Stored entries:

────────

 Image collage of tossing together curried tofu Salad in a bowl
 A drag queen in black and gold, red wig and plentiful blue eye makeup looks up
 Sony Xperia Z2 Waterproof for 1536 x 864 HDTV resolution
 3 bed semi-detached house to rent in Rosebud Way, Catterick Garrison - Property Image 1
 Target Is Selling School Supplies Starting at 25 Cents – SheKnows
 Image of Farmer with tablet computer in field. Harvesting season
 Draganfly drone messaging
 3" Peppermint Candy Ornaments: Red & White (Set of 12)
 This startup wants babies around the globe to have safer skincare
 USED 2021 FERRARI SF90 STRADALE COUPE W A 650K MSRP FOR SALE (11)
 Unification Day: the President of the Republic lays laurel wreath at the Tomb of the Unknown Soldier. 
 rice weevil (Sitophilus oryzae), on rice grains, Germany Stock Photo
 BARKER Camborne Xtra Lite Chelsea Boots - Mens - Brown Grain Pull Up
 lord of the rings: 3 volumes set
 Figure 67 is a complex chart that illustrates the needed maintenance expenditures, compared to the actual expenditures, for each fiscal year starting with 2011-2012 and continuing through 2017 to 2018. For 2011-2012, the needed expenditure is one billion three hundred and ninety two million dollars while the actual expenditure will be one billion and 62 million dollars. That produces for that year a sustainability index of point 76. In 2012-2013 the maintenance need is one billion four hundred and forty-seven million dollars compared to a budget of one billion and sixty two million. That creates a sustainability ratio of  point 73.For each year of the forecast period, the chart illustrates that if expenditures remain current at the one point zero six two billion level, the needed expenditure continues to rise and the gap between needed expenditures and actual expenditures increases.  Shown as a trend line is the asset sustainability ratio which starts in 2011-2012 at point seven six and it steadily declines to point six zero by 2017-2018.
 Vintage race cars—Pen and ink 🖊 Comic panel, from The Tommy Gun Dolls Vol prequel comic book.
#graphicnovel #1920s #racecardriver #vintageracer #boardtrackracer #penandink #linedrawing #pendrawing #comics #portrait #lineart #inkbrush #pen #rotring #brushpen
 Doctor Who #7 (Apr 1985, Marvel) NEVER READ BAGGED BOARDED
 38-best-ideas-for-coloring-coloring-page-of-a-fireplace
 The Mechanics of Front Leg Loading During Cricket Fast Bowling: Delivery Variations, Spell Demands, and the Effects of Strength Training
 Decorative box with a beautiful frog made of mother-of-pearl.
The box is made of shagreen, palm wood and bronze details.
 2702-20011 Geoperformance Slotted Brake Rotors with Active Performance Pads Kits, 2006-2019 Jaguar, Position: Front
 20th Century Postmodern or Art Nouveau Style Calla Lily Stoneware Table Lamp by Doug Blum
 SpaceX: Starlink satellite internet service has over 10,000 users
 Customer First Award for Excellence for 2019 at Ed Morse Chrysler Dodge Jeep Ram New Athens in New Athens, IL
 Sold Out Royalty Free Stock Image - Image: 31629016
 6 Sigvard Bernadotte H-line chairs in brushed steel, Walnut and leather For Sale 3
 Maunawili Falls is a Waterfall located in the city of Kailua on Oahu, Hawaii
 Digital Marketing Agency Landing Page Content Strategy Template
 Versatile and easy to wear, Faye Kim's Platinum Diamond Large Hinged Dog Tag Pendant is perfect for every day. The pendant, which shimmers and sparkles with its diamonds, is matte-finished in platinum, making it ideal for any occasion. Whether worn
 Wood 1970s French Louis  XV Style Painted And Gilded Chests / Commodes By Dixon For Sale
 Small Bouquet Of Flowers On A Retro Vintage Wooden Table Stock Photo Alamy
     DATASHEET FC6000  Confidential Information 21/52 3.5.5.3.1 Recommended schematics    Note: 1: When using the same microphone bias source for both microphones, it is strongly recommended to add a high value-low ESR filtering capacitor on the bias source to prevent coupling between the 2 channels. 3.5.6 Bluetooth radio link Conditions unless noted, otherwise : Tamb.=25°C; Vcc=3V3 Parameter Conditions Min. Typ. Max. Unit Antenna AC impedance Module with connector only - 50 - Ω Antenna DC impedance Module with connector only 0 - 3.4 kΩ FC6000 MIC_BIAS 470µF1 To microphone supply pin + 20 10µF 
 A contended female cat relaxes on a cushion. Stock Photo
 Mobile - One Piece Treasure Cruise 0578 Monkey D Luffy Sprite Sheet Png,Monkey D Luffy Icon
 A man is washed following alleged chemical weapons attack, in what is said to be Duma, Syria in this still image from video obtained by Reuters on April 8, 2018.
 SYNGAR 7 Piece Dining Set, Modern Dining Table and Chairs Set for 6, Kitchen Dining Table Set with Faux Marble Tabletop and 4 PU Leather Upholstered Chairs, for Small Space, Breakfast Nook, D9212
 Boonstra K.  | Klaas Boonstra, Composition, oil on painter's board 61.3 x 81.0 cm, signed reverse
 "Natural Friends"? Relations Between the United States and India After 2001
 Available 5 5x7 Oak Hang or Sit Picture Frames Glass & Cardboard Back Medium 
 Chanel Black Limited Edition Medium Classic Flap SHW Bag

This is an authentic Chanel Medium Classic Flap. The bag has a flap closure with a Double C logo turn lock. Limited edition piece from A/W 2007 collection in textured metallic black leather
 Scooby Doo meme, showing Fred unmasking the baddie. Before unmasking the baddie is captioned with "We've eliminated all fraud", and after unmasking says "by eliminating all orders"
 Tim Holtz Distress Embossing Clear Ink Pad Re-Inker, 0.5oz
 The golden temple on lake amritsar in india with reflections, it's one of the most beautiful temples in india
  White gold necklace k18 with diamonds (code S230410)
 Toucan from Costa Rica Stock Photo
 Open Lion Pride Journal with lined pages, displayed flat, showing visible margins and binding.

────────

[WORK TO BE COMPLETED]
Only the number is needed: please work out how many lines in the data contain the string "made".

[RESPONSE TO THE TASK]
2